The PRD format¶

prd.json is the task list. It's small — usually 3–8 entries — but every stage of a run reads from it or writes to it, and the contracts between fields are not all enforced by the harness. This page is the reference for the schema, the lifecycle, and which contracts are load-bearing-but-soft (so changing them needs care).

For how the PRD gets created, see Seeding a session. For where it lives on disk, see Session layout. This page is the data structure itself.

Shape¶

[
  {
    "id": "T-001",
    "title": "Scaffold the project",
    "description": "Bootstrap with `uv init`, create the `todo_cli/` package …",
    "acceptance_criteria": [
      "`todo_cli/` package exists with `__init__.py` and `__main__.py`",
      "`pyproject.toml` has `pytest` and `ruff` as dev deps",
      "Sentinel test imports the package and passes"
    ],
    "status": "pending"
  },
  …
]

A list of entries. Each entry has five fields. The sink (tilth/seed/sink.py:_validate) enforces:

Field	Type	Validation
`id`	string	`^T-\d{3,}$` (zero-padded, ≥ 3 digits). Must be unique across entries.
`title`	string	Non-empty (JSON Schema; not re-checked at runtime).
`description`	string	Non-empty (JSON Schema).
`acceptance_criteria`	list[string]	Must be a non-empty list. Item count is not bounded — the seeder prompt asks for 2–4, but nothing rejects 1 or 10.
`status`	string	Always `pending` at seed time. Normalised by the sink — anything the model writes here is discarded.

The sink also enforces one cross-field rule: for every PRD entry, there must be a matching test_t<NNN>_<slug>.py file in the seed's test_files map (TEST_FILE_RE and the prefix cross-check in _validate). One task → one test file → no orphans, no duplicates.

Lifecycle on disk¶

prd.json lives at sessions/<id>/prd.json (moved out of the worktree in Phase 1 of the prep-feature proposal; see Memory channels for why). Three operations touch it:

Created — FileSeedSink.write_seed at the end of tilth prep-feature. Written atomically (staged as .tmp, os.replace'd into place). All entries land with status: "pending". Immediately after, prep makes one seed: N task(s) + M test(s) commit so prd.json and the seed tests are anchored in HEAD before the first worker iteration (see Seeding a session) — without it the worker sees the seeded tests as uncommitted scope creep.
Read — _load_prd(session.root) at the start of every Ralph-loop iteration. Returns the full list; _next_pending(prd) picks the first entry whose status is pending. (loop.py:259)
Mutated — _save_prd(session.root, prd) rewrites the file when a task's status flips. Two transitions: pending → done (after the evaluator accepts and the commit lands) and pending → failed (after a terminal task outcome: iter_cap, evaluator_cap, empty_responses, or no_case). Wall-clock and token caps and interrupts stop before the task is marked failed — they leave the task pending and the session resumable, setting only the session status. The status field is the only thing that ever changes after creation.

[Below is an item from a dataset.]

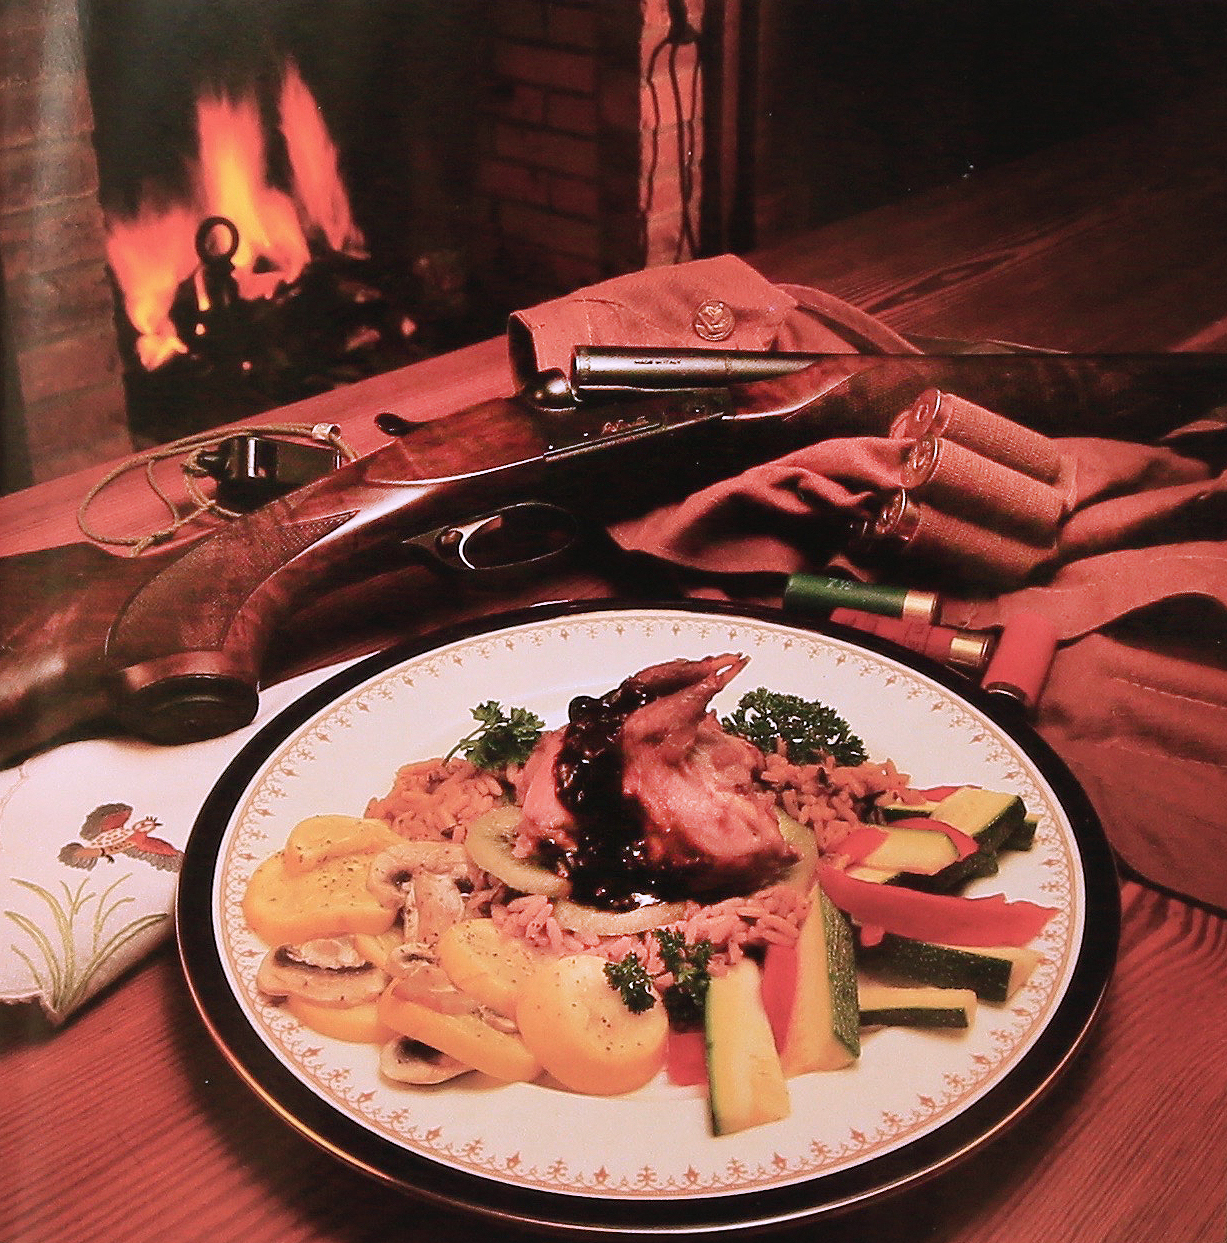 Fall 1991: This Southern cuisine of quail, wild rice, and aromatic assortment of steamed vegetables along with kiwi fruit is set in a classic atmosphere at the Gantt farmhouse. “This shot with the fireplace and shotgun was quite a production,” Jeff Amberg says. “I charged a significant fee for it because I did everything: the planning, the shopping, the cooking, the styling, everything.”

Nothing else reads or writes prd.json. The worker never sees the file path; it sees the whole plan as prose context but not the JSON (more below).

Per-field reader table¶

Who reads each field, and what they do with it. This is the load-bearing piece — the same fields are interpreted by different readers in very different ways.

Field	Seeder writes	Worker sees	Evaluator sees	Validator reads	Harness uses
`id`	✓	task header in user prompt	task header in evaluator prompt	filename pattern (`test_t<NNN>_*.py`)	task selection + commit message
`title`	✓	task header	task header	—	commit message (`<id>: <title>`)
`description`	✓	full text in user prompt	full text in evaluator prompt	—	—
`acceptance_criteria`	✓	bulleted in user prompt; the worker maps each to a `file:symbol` in its `submit_case` `ac_coverage`	bulleted in evaluator prompt; several of the six rejection categories (`acceptance_gap`, `weak_test`, `tests_pass_but_wrong`) reference them	—	—
`status`	always `pending`	every task's status appears in the full-plan context (read-only)	—	`_next_pending` reads to pick next task; `_save_prd` mutates after each task

A few notes worth pulling out of the table:

The worker never receives prd.json directly. memory.build_user_prompt formats the current task as a user message. Since the Phase 4 visibility expansion it also injects the whole plan — every task collapsed (id/title/status/description/AC), framed as "context, not work to do" and capped at 6 KB — so the worker understands the surrounding tasks but never sees the JSON file, the mutable status machinery, or the queue it manages. The framing is "context, not a worklist" (see Agent visibility).
The evaluator sees one task at a time, fresh across tasks but with per-task memory. It carries no memory across tasks, but within a task it reads the last 5 entries of that task's ledger (sessions/<id>/ledger/<task_id>.jsonl) — its own prior verdicts — so it can confirm a concern was resolved instead of re-litigating it. It gates on the diff plus the worker's structured case, the real validator output, and the inlined seed test, anchored on description + acceptance_criteria.
Validators never touch prd.json. validators.run_pytest maps a task id to a filename glob (T-001 → test_t001_*.py) and runs pytest on whatever files match. The list of acceptance criteria is never read by the validator, only the test file's assertions.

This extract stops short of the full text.